**PROBLEM TO WORK ON:**
Nothing outside the range is to be copied. From the entries below, reproduce exactly the lines starting at the one with "1DAY CLEANSE SET" and ending at the one with "hamaken collection 総集編vol", without pictures.

**INPUT DATA:**
──────

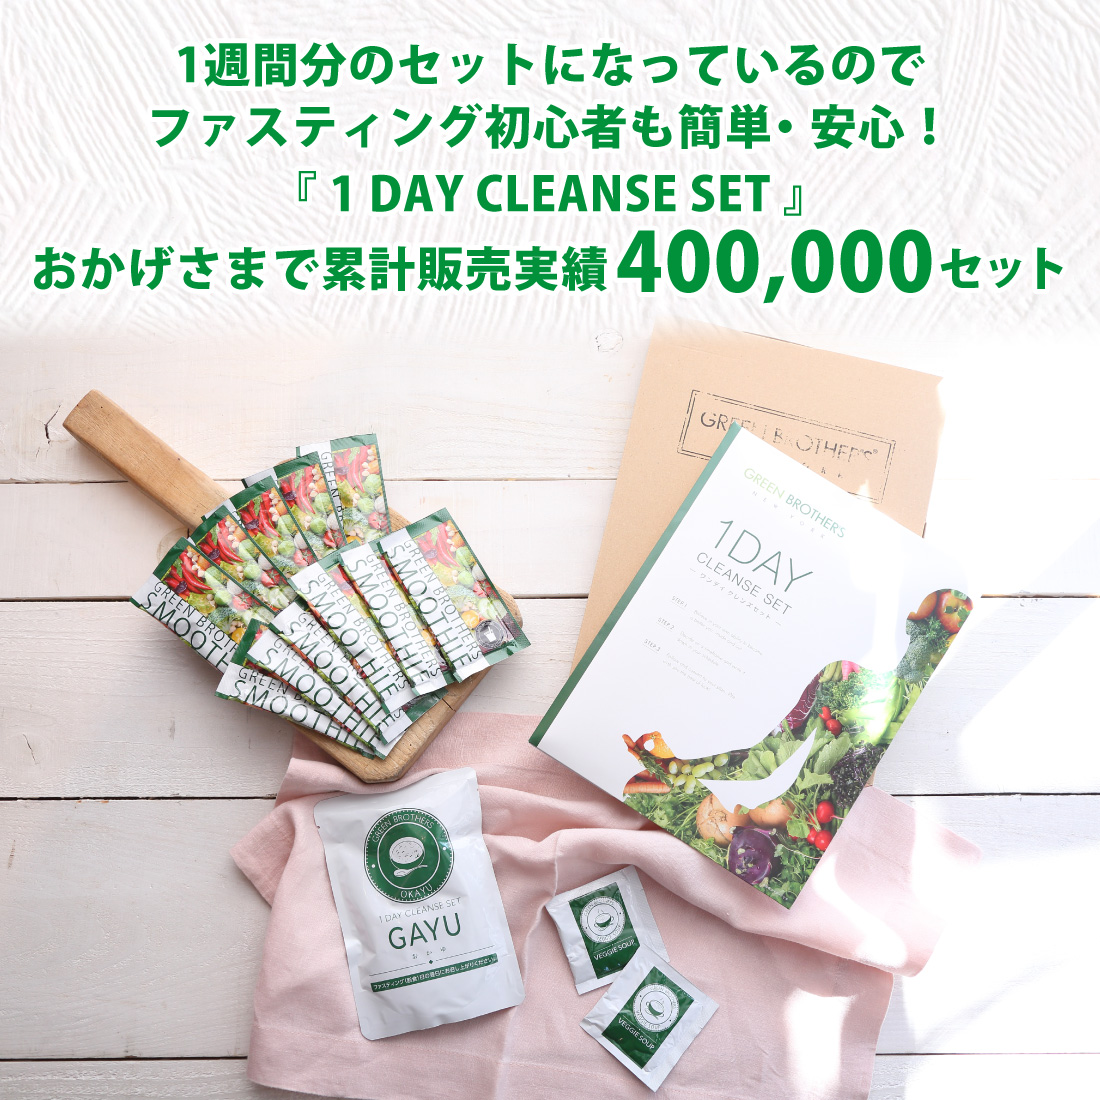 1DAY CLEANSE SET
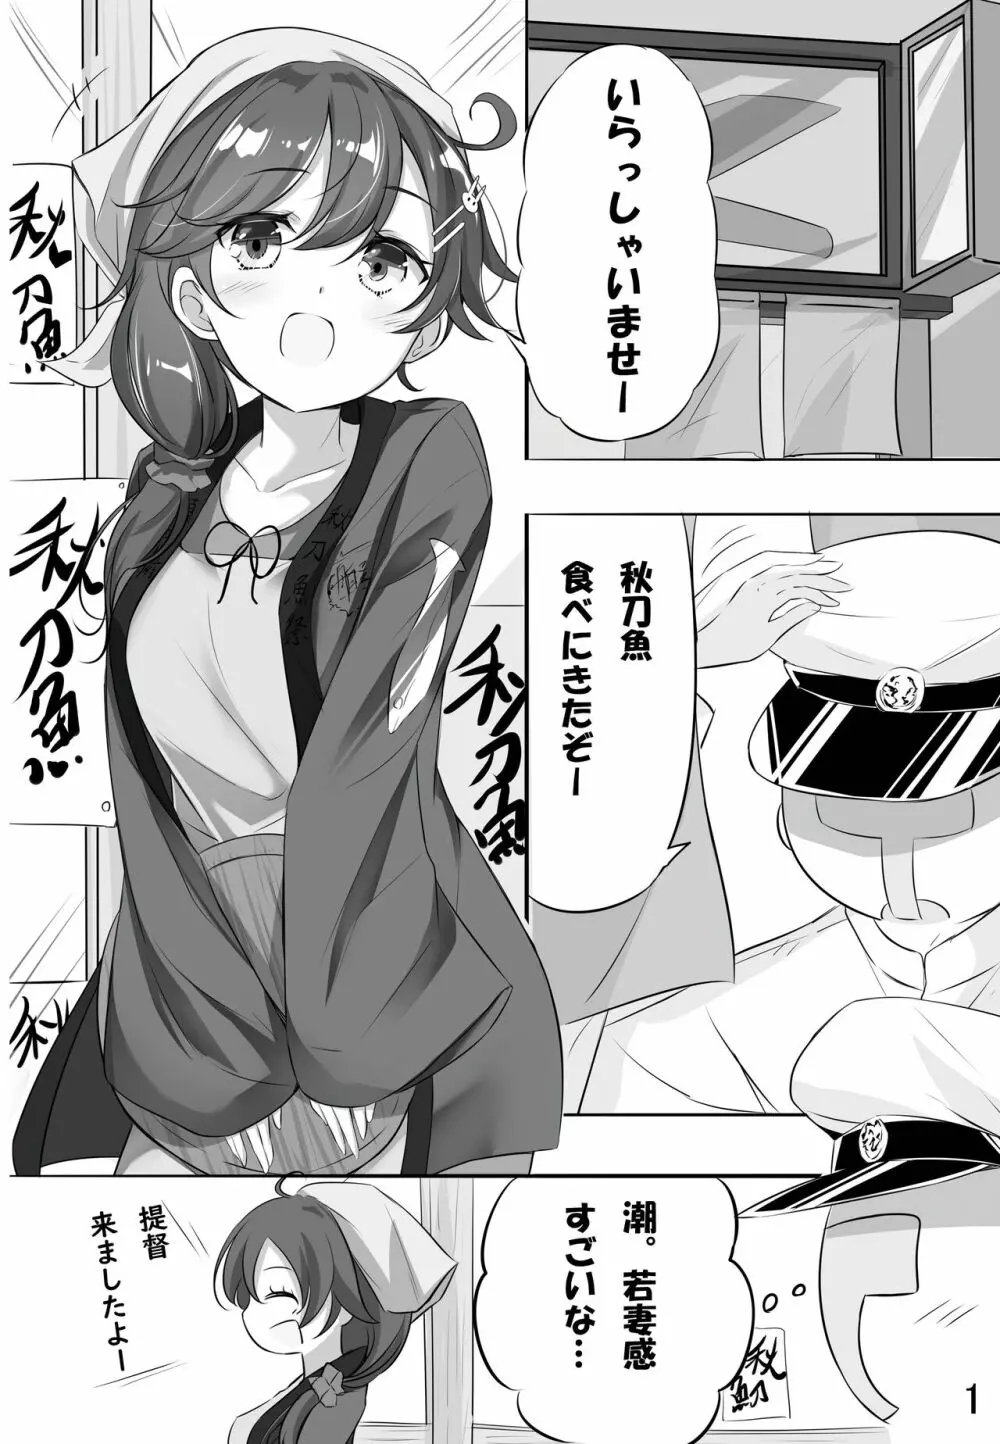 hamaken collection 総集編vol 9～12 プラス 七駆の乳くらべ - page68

──────

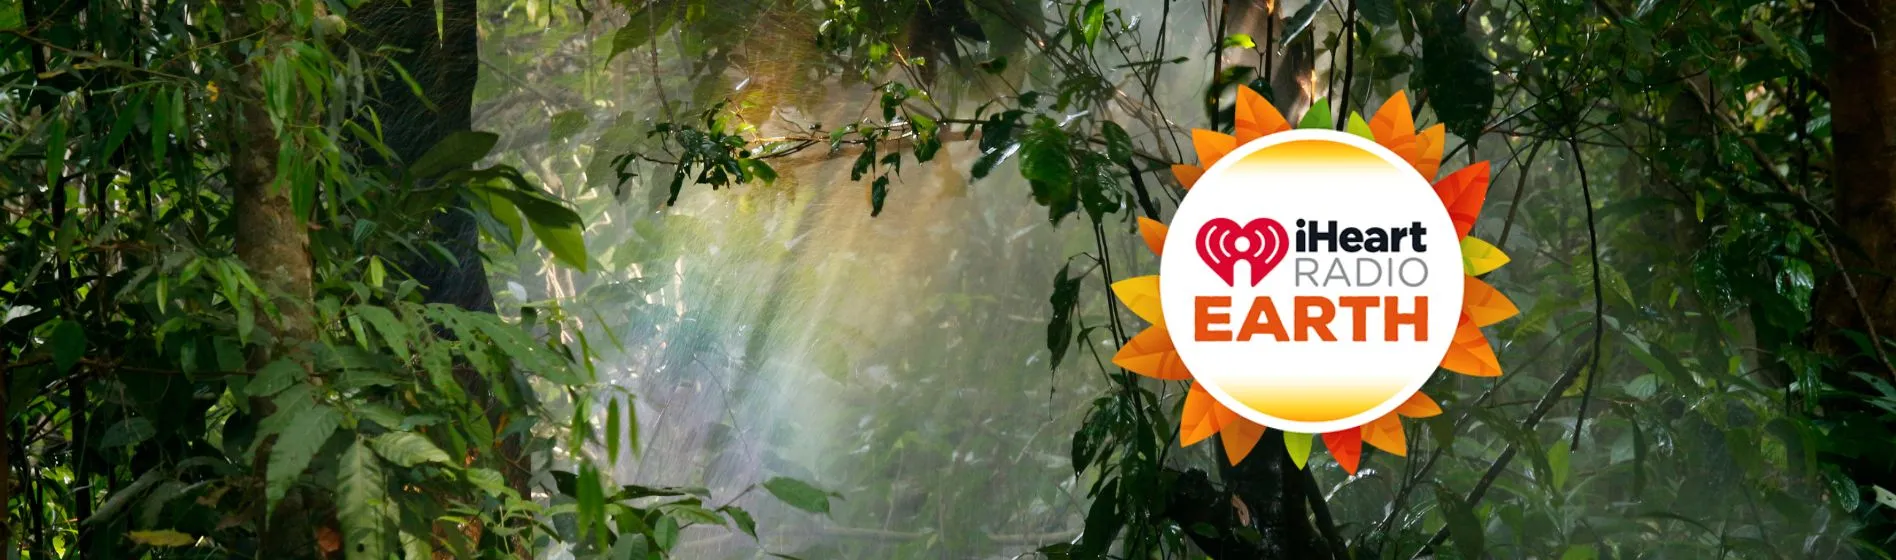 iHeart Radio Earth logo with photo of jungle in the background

──────

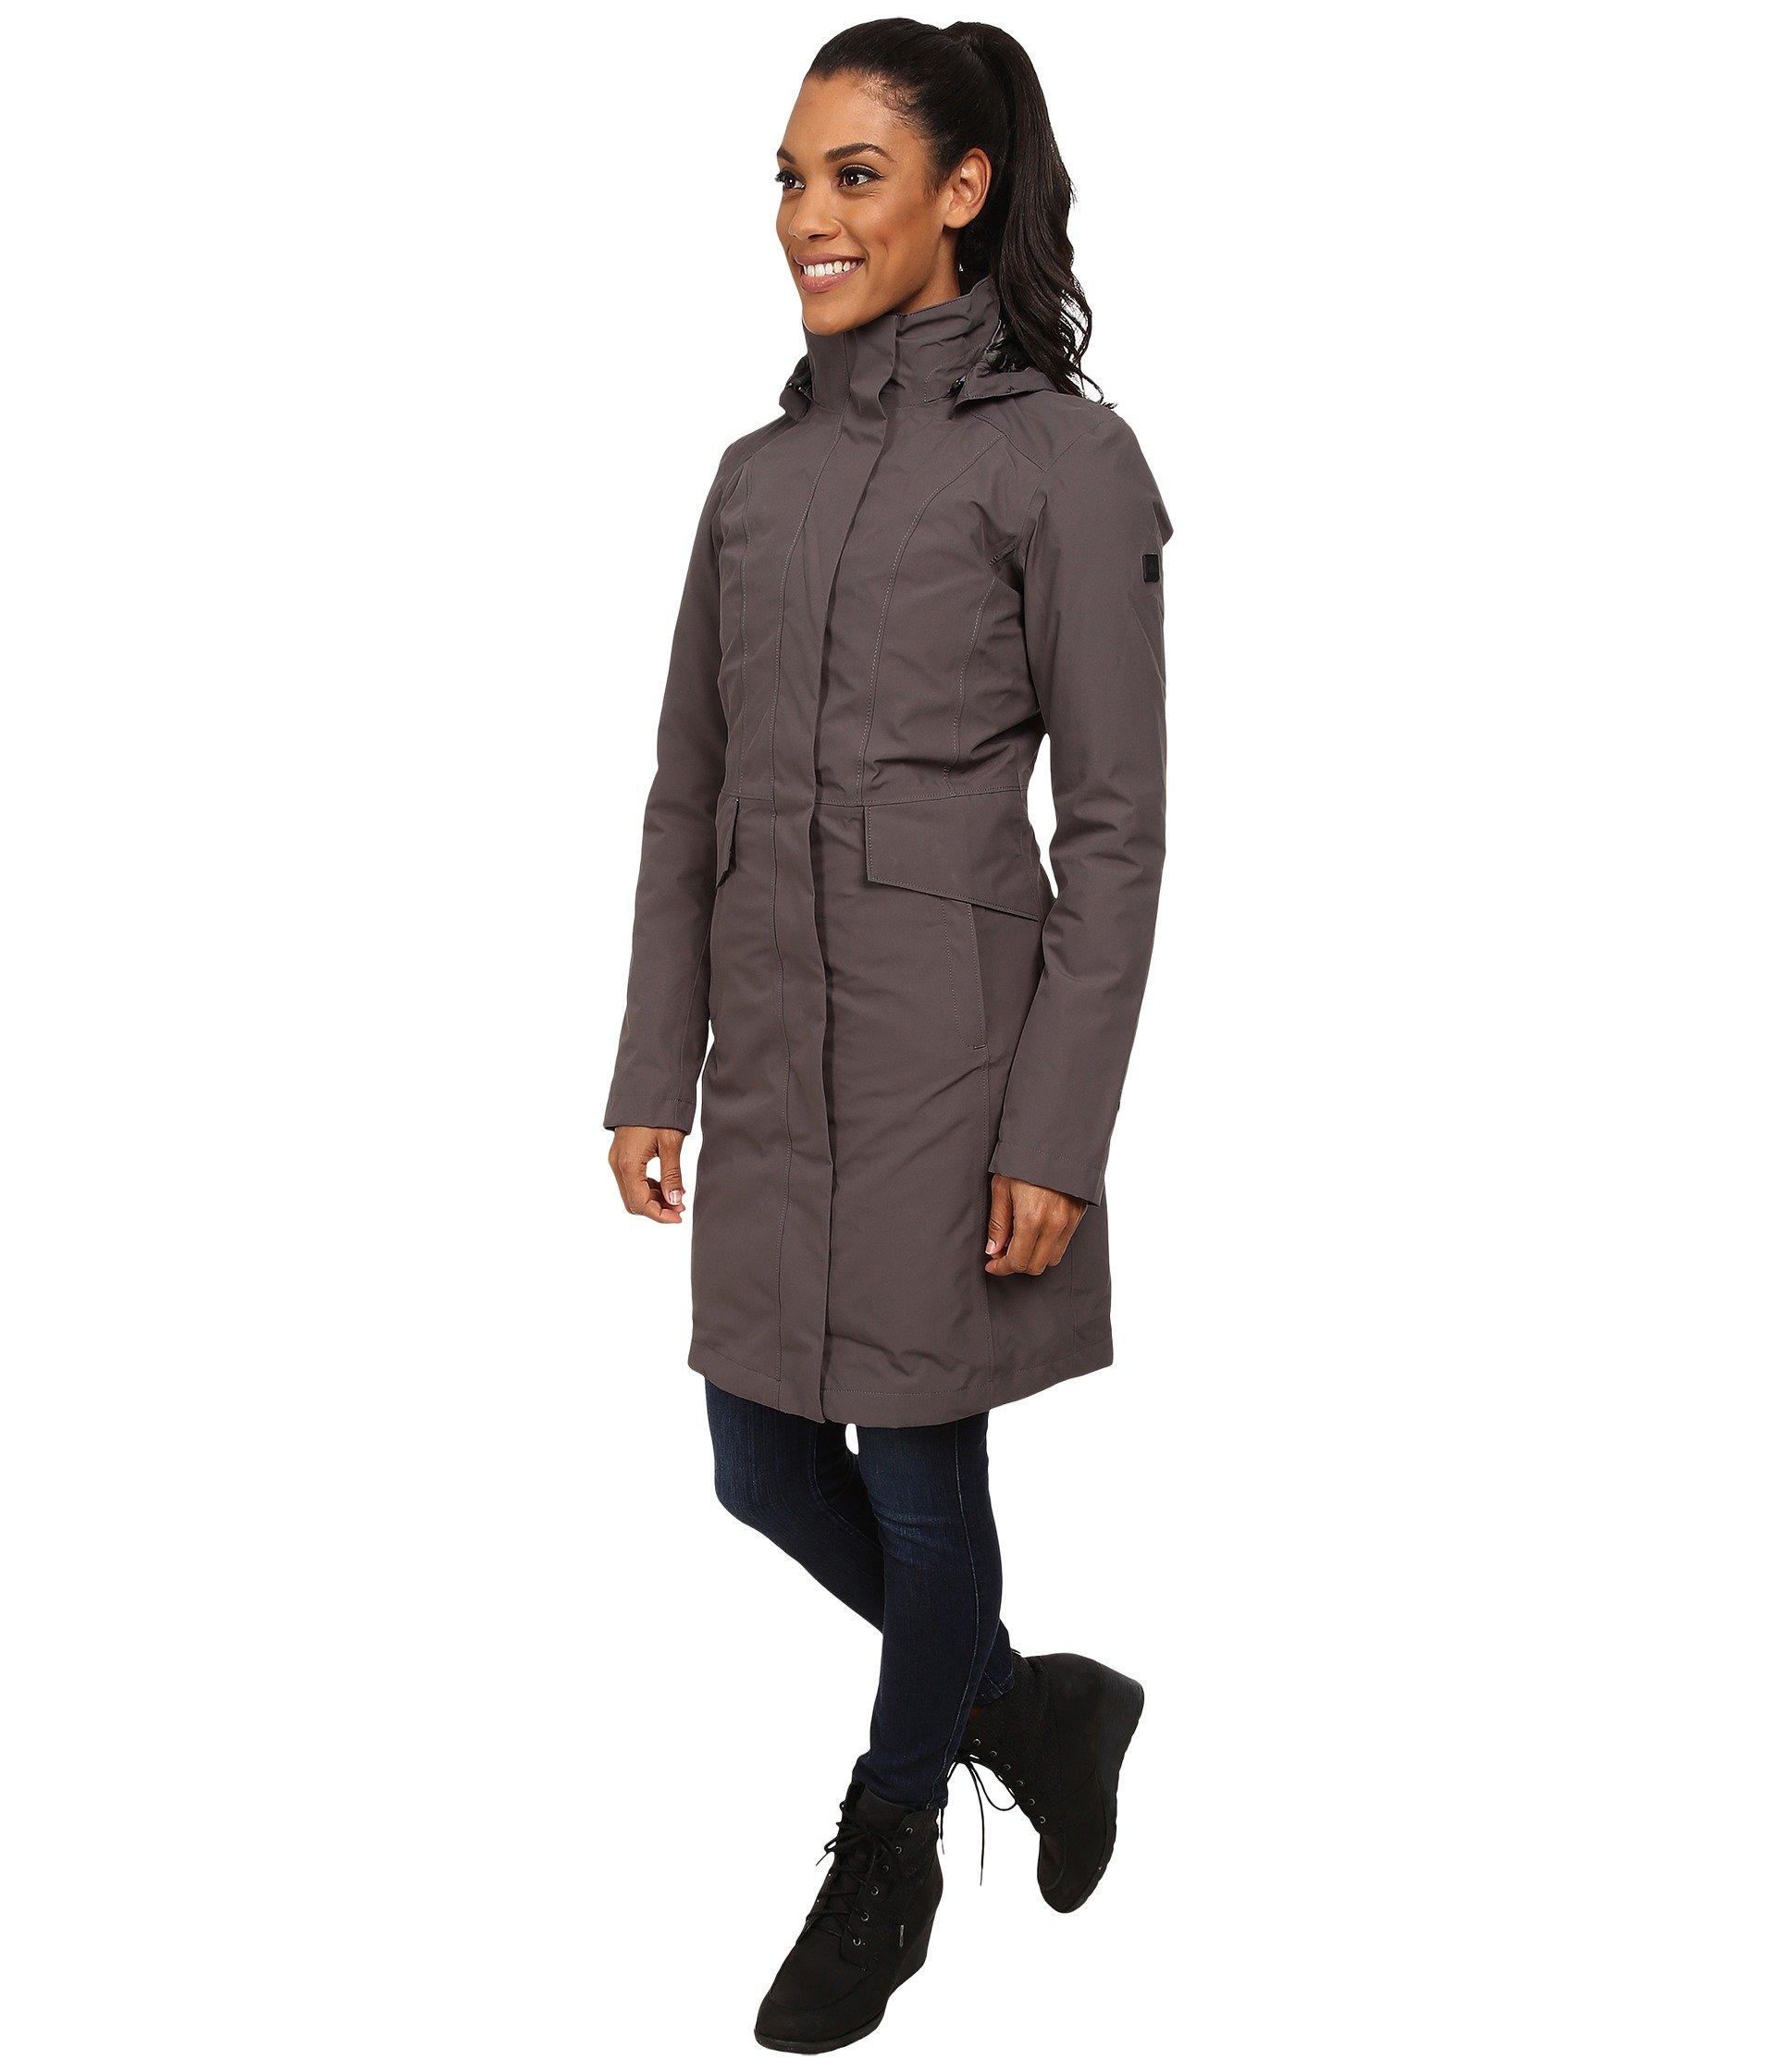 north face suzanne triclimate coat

──────

**RESPONSE AREA:**
 1DAY CLEANSE SET
 hamaken collection 総集編vol 9～12 プラス 七駆の乳くらべ - page68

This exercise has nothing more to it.